** Opening DATA EXCERPT block **

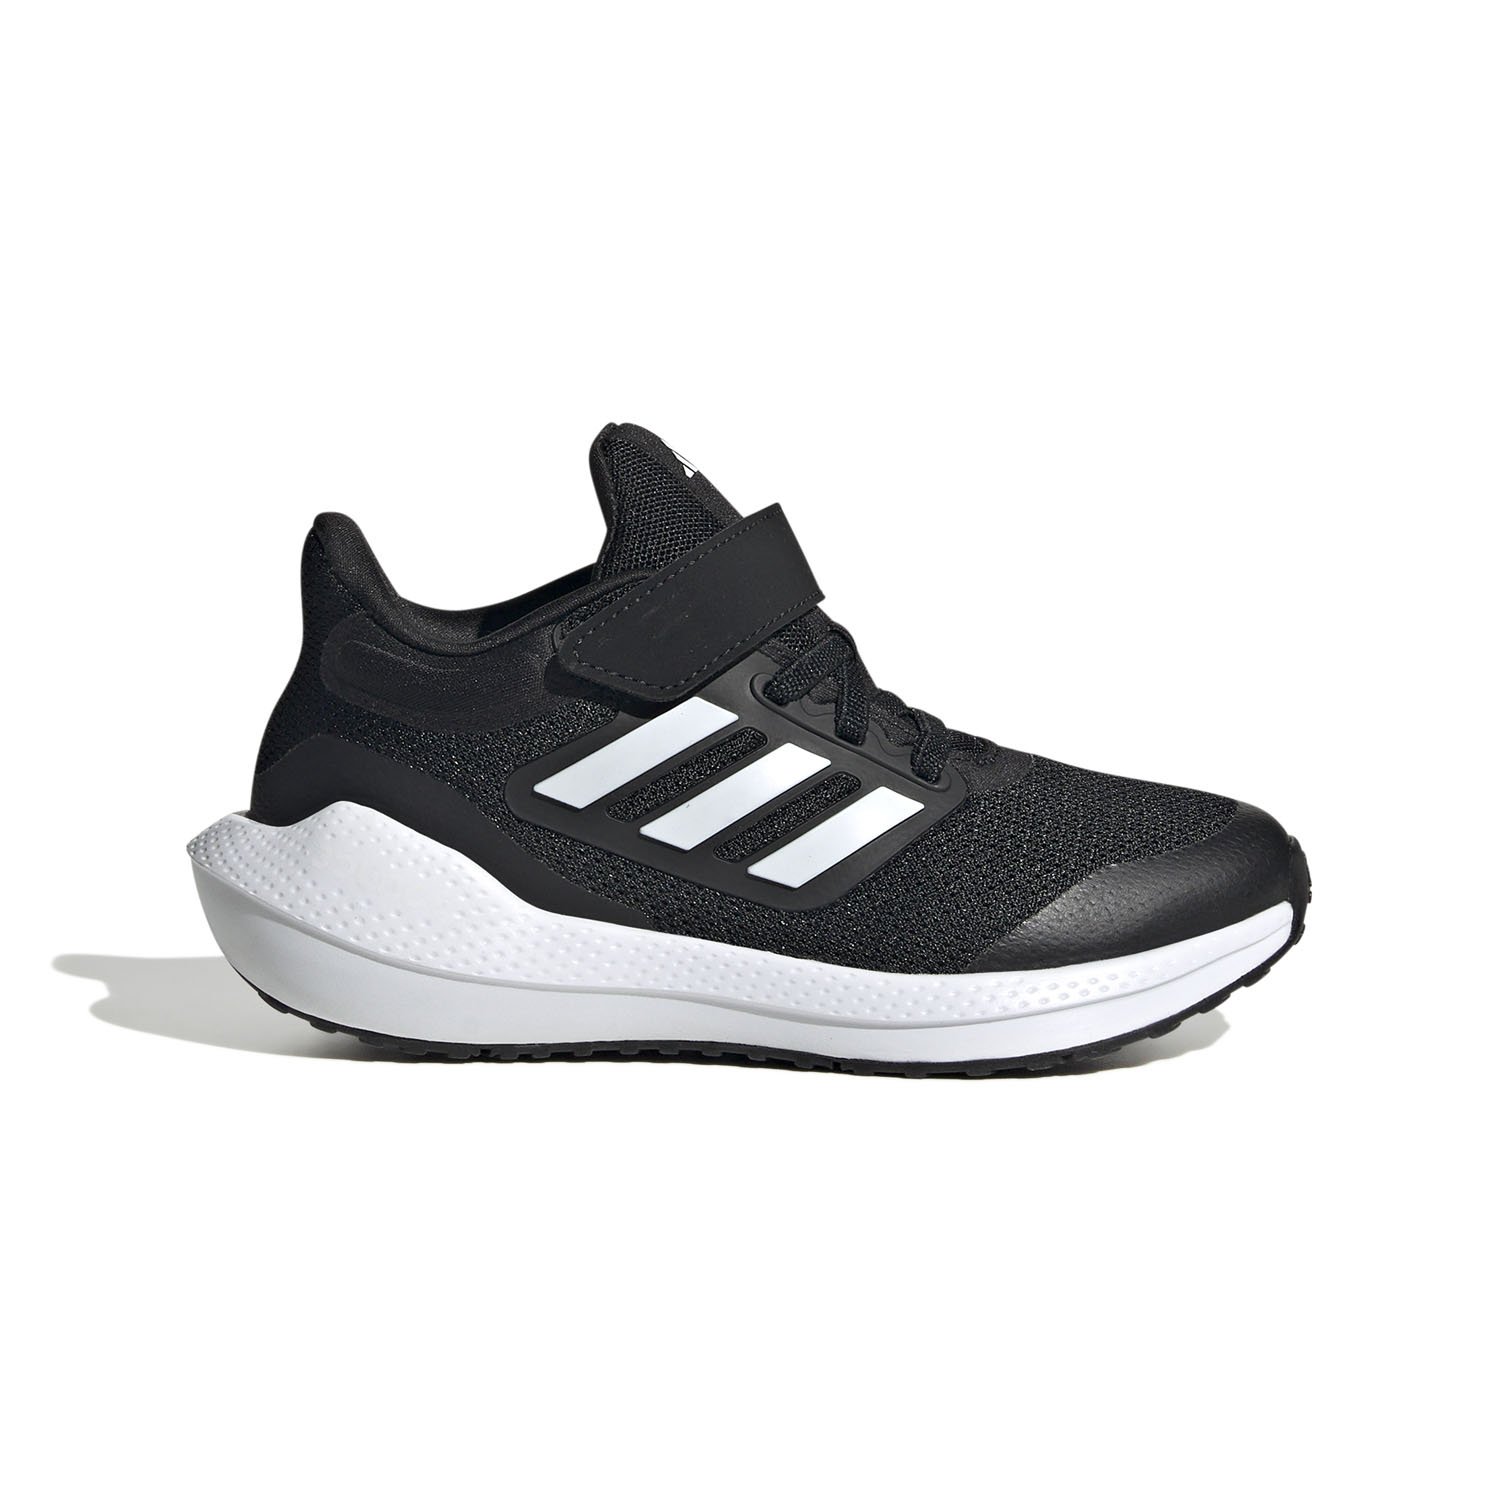 Adidas Ultrabounce Çocuk Koşu Ayakkabısı - Siyah - 1
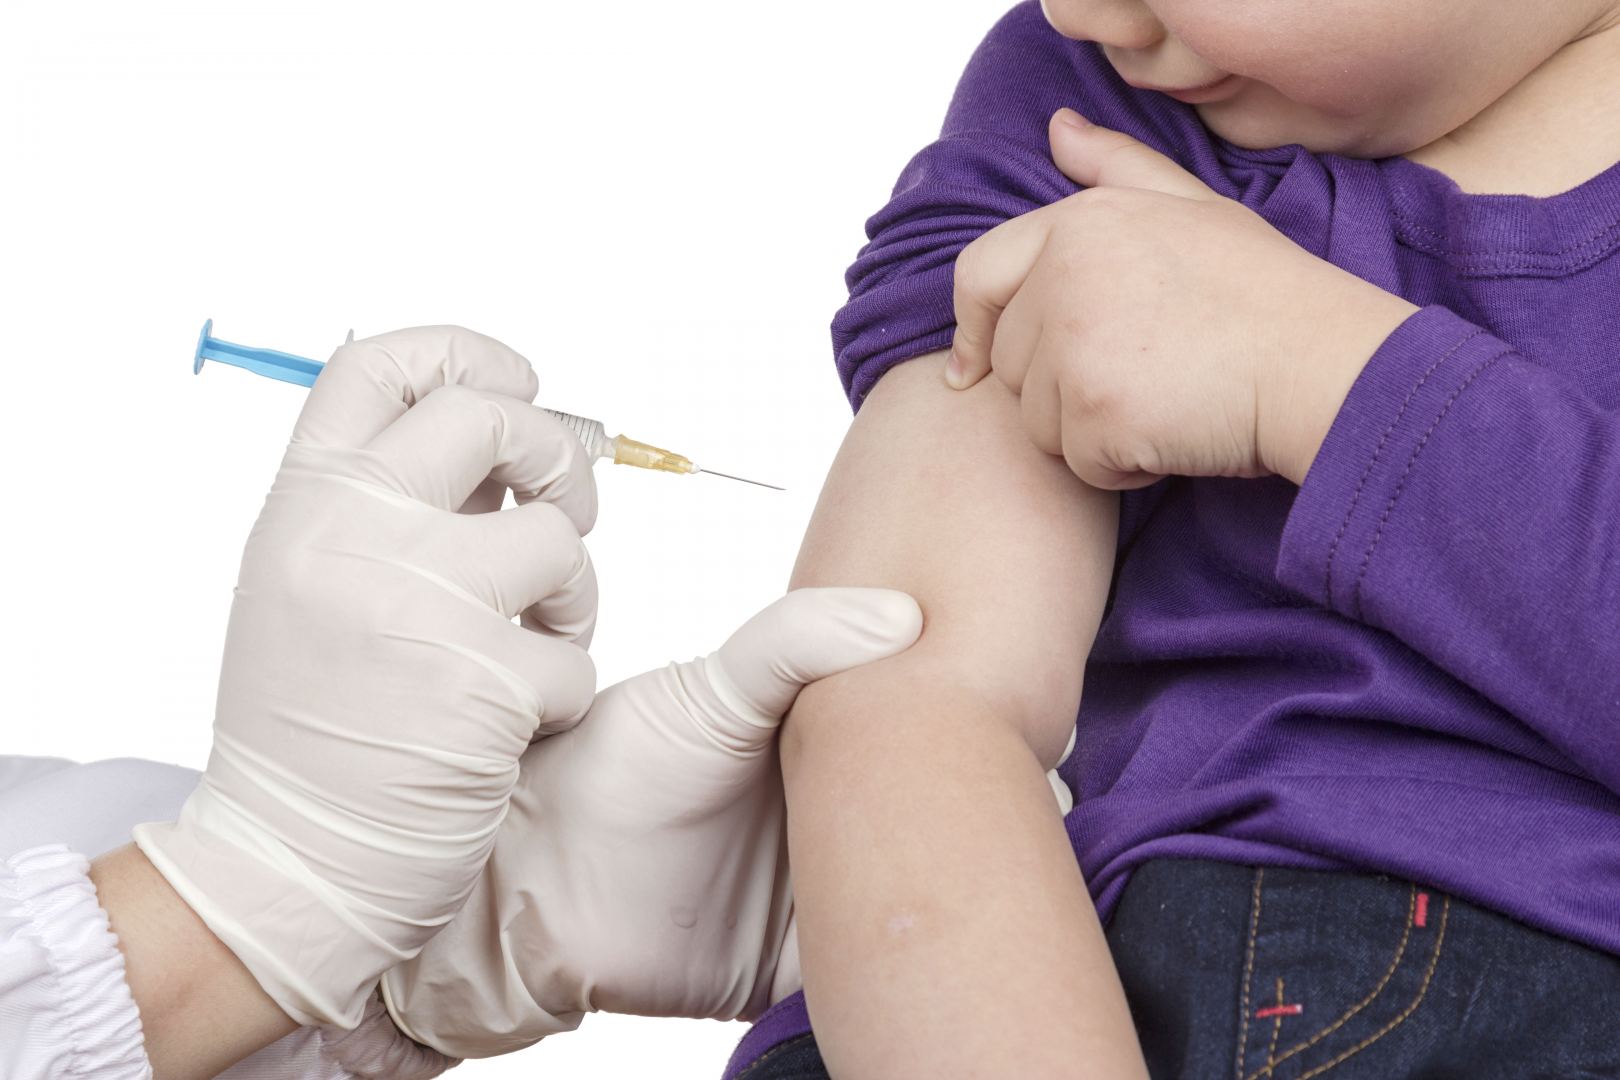 ABŞ-da uşaqların "Pfizer"lə vaksin olunmasına icazə verilə bilər
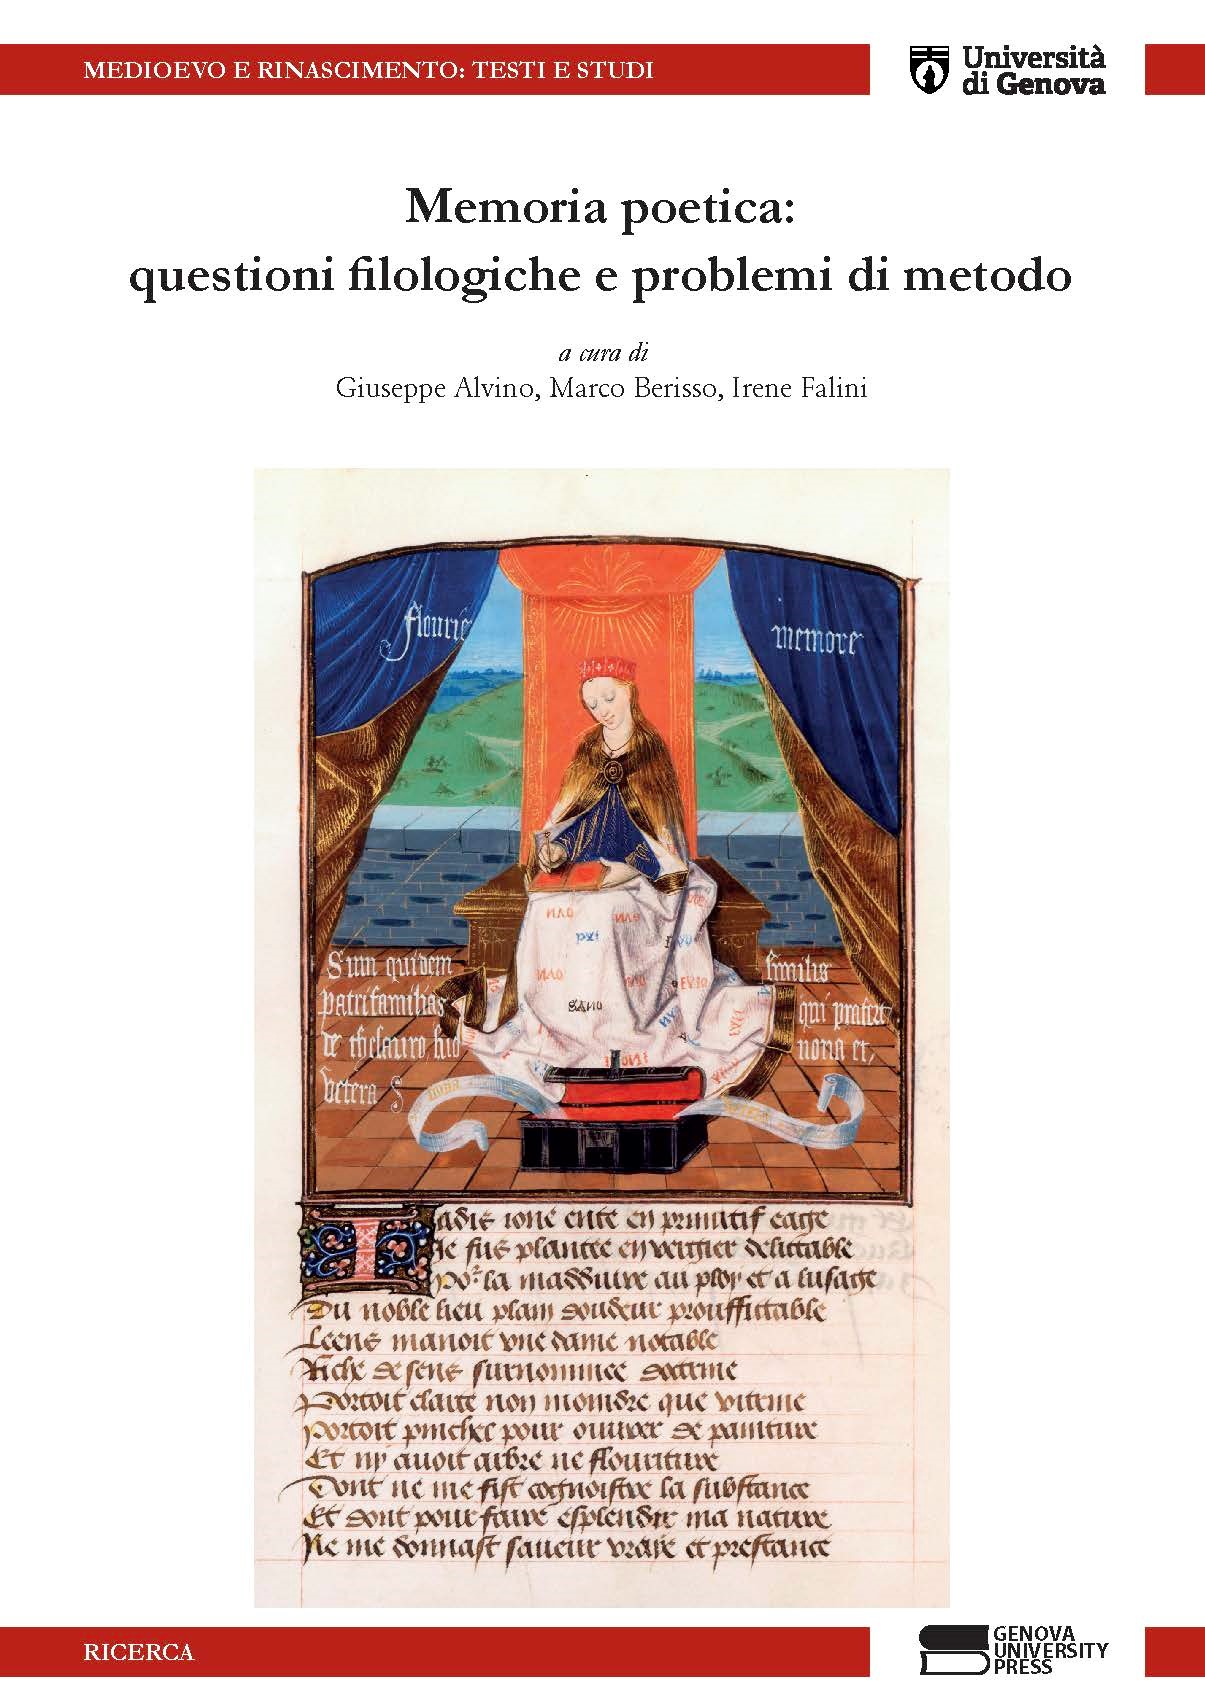 Memoria poetica: questioni filologiche e problemi di metodo A cura di Giuseppe Alvino, Marco Berisso e Irene Falini

** Closing DATA EXCERPT block **

WORK INSTRUCTIONS ▸ Your task is to repeat only the lines from the line containing "icazə verilə bilər" through the final line of the material, inclusive; do not include pictures.

SOLUTION TO THE EXERCISE ▸
 ABŞ-da uşaqların "Pfizer"lə vaksin olunmasına icazə verilə bilər
 Memoria poetica: questioni filologiche e problemi di metodo A cura di Giuseppe Alvino, Marco Berisso e Irene Falini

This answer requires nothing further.